On Sat, 2 Jul 2011, Chris Travers wrote:
On Sat, Jul 2, 2011 at 1:16 PM, Luke <..hidden..> wrote:Probably though, as I think about it, this would require globally unique filenames, and a name comparison with new uploads, possibly followed by a content comparison if names match. I'm not sure globally unique filenames are such a bad idea anyway.There's a fairly nasty case here that you can run into. If globally unique file names are required, then how do you know in advance what sort of names are used? Do we want to expect the users of the system to all come up with naming conventions that avoid collisions?
I was expecting that, yes. However, I shouldn't. My recent experience is with reasonably disciplined corporate users, who either get files from sources with likely to be unique names (some form of the vendor name and vendor's ID), create files for customers/vendors with names of the same type, or are good at storing files with rather long, descriptive, and accidentally unique names.
However, if we combine our two ways of looking at this, I think we have the solution.
If you store files by ID, and internally reference them by ID at all times, they can all be called "foobar.pdf" and it doesn't matter.
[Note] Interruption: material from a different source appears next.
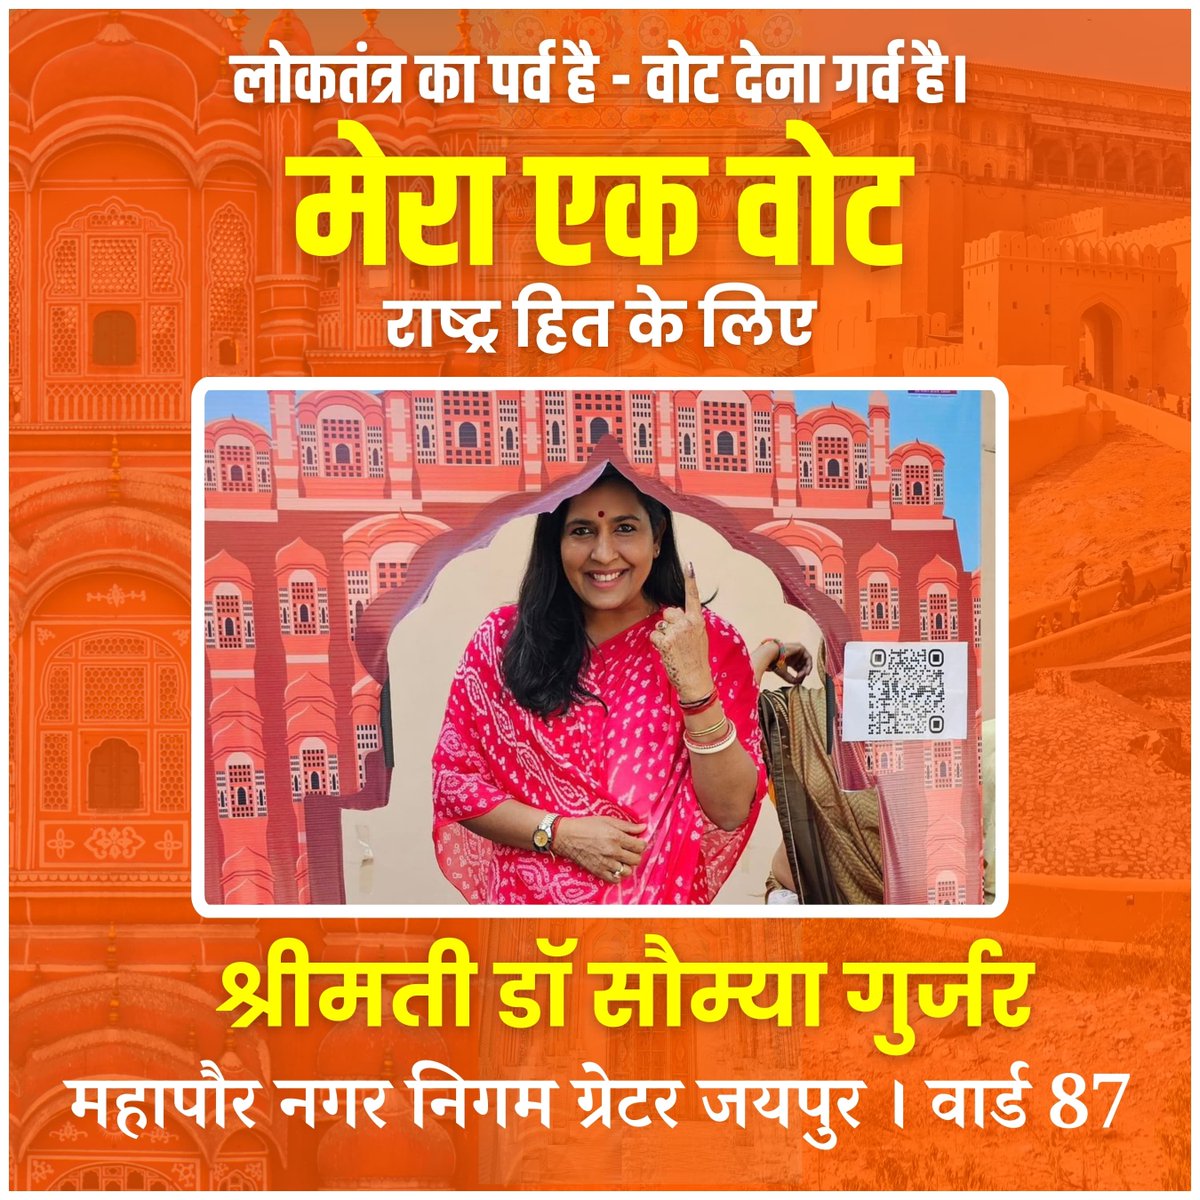 आज जयपुर महापौर श्रीमती @drsomyagurjar जी द्वारा देश के पावन पर्व पर मतदान किया गया। एवं देश के विकास में अपना योगदान कर जयपुरवासियों से देश के हित में मतदान करने की अपील की। #AbkiBaar400Par #AbkiBaar400Paar #जयपुर_की_बेटी_मंजू_शर्मा

When a new file is uploaded, compare its CRC/checksum to the index of stored files. If there's no match, it's a new file, gets a new ID, and we save it. If the checksum matches, compare the contents to the N files with the match. If one of them matches, create a link to the existing copy, by inserting a referential entry in whatever table is tracking where files are attached. If none of them matches, it's a new file.
I'm pushing this, because I think it's more extendable, and it also leads directly to what Erik wanted.
If you divorce the storage of files, and the way they are tracked, from the documents to which they are attached, you get a true virtual filesystem. Any document can point to any file(s), and any file can be pointed to by one/some/no documents.
Associations can be re-mapped after file storage (this assumes a file management UI at some point), which is necessary for Erik's suggestion.
Luke